Hypertriglyceridemia is the main risk factor for atherosclerosis. It is reported that triglyceride (TG) induces macrophage cell death, and is involved in the formation of plaques and development of atherosclerosis. We previously reported that TG-induced cell death of macrophages is mediated via pannexin-1 activation, which increases the extracellular ATP and subsequent increase in potassium efflux, thereby activating the caspase-2/caspase-1/apoptotic caspases, including the caspase-8 pathway. Contrarily, some studies have reported that caspase-8 is an upstream molecule of caspase-1 and caspase-2 in several cellular processes. Therefore, this study was undertaken to investigate whether caspase-8 influences its upstream molecules in TG-stimulated macrophage cell death. We first confirmed that caspase-8 induces caspase-3 activation and poly ADP-ribose polymerase (PARP) cleavage in TG-treated macrophages. Next, we determined that the inhibition of caspase-8 results in reduced caspase-1 and -2 activity, which are upstream molecules of caspase-8 in TG-induced cell death of macrophages.

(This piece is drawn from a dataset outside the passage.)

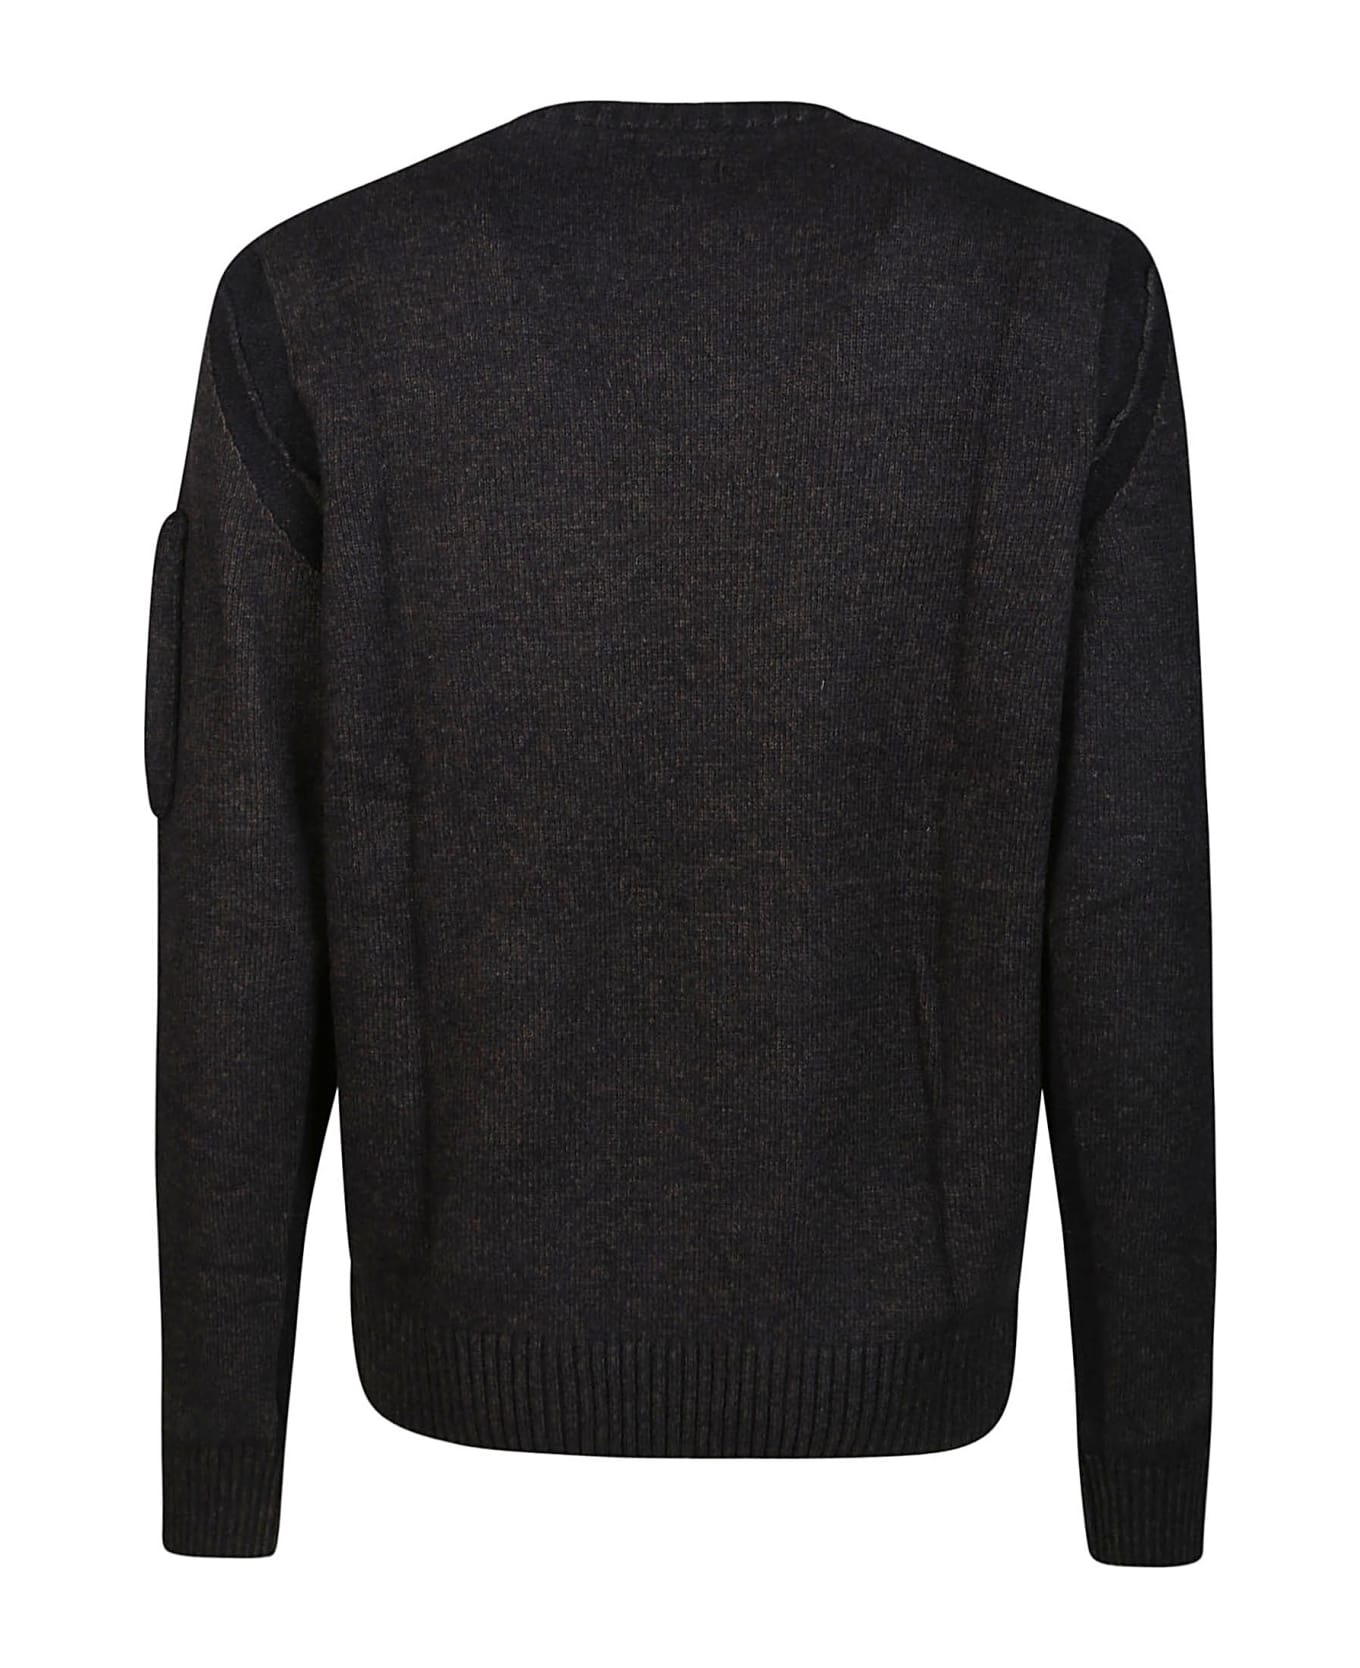 C.P. Company Sweater ニットウェア
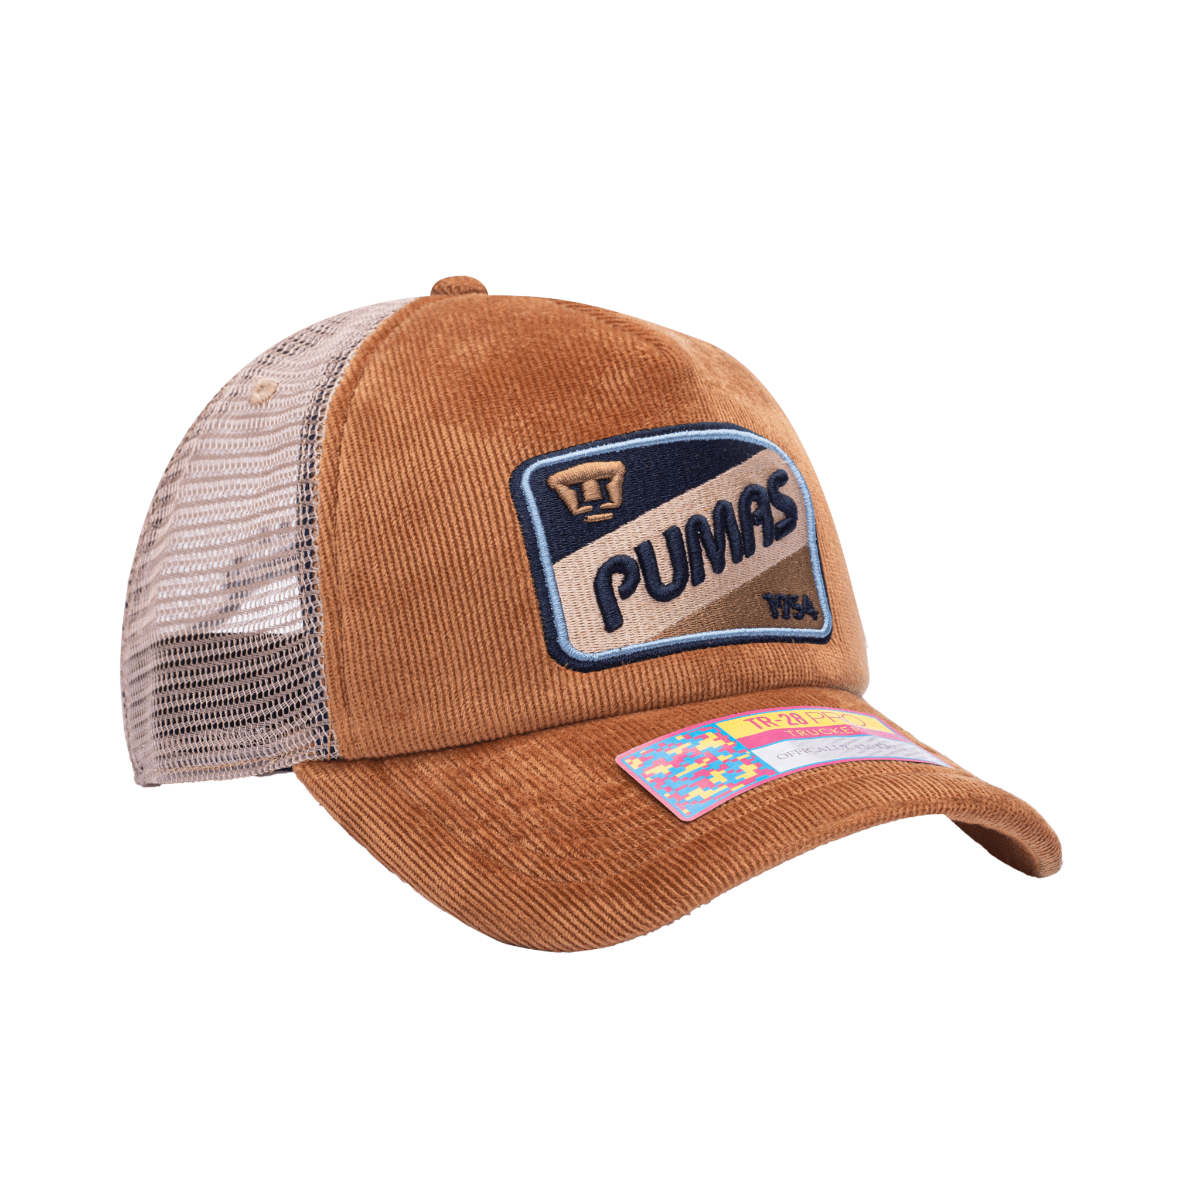 FI Collection Pumas Camionero Trucker Hat - Brown (Diagonal 2)

We also found that ATP treatment restores the caspase-8 inhibitor-induced caspase-2 activity, thereby implying that caspase-8 affects the upstream molecules responsible for increasing the extracellular ATP levels in TG-induced macrophage cell death. Taken together, these findings indicate that caspase-8 potentiates the TG-induced macrophage cell death by activating its upstream molecules.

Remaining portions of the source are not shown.